Moving on from the negatives, we will look into the events in the financial sector. Top on the list is the Finance Act which was signed into law on 31 December 2020 with an effective date of 1 January 2021. The Act highlights several adjustments in Tax and legislation, Personal Income Tax Act, Value Added Tax Act, Nigeria Export Processing Zone Act, Oil and Gas Export Free Zone Act, Federal Inland Revenue Service (Establishment) Act and many others. This Act further makes provision for ease of doing business in Nigeria and managing tax compliance policies.


On 5 March 2021, the Central bank of Nigeria, released a circular introducing the “Naira 4 Dollar Scheme”. The significance of the scheme is the incentive of N5 for every dollar remitted by Nigerians living in the diaspora.

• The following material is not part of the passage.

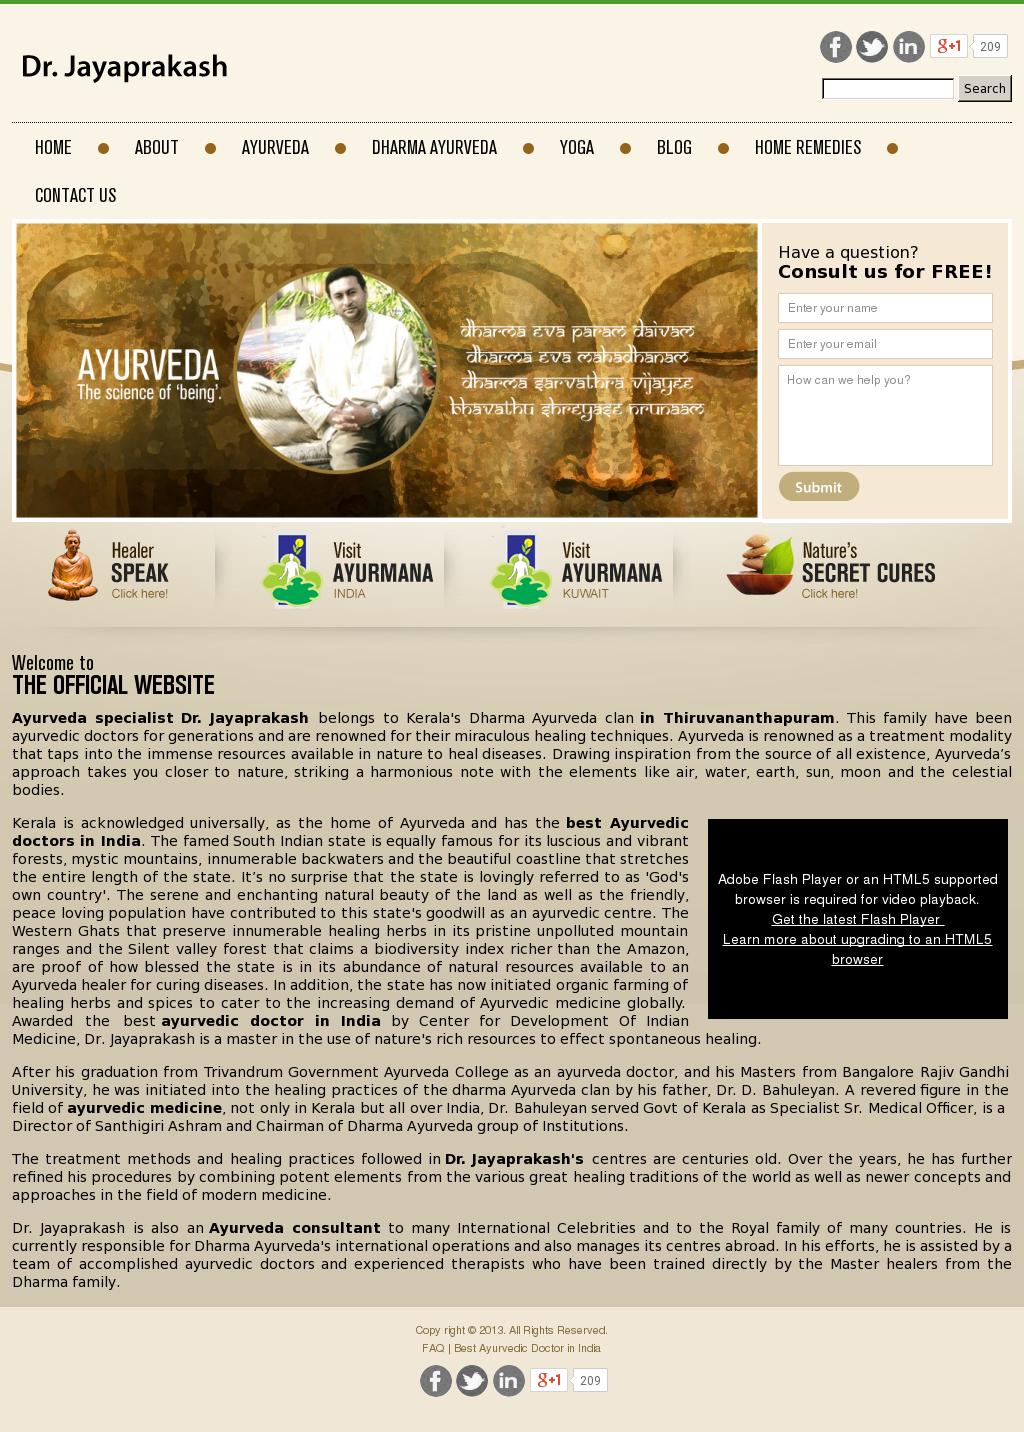 Ayurveda Doctor - Dr jayaprakash Competitors, Revenue and

This is a short-term objective aimed at improving the inflow of foreign reserves of the country as the scheme is valid until 8 May 2021.


Finally, but not least, is the new allocation of Covid-19 vaccines. Since the beginning of March, the Government has made conscious efforts to import vaccines into the country and this represents a ray of hope to the Nigerian front line and older population to whom it is first aimed at. However, this will not be sufficient if considering that the median age of the country is 18.4 years.


In summary, the journey to recovery is still slow in the country and some of these first-quarter highlights will persist in the coming quarters.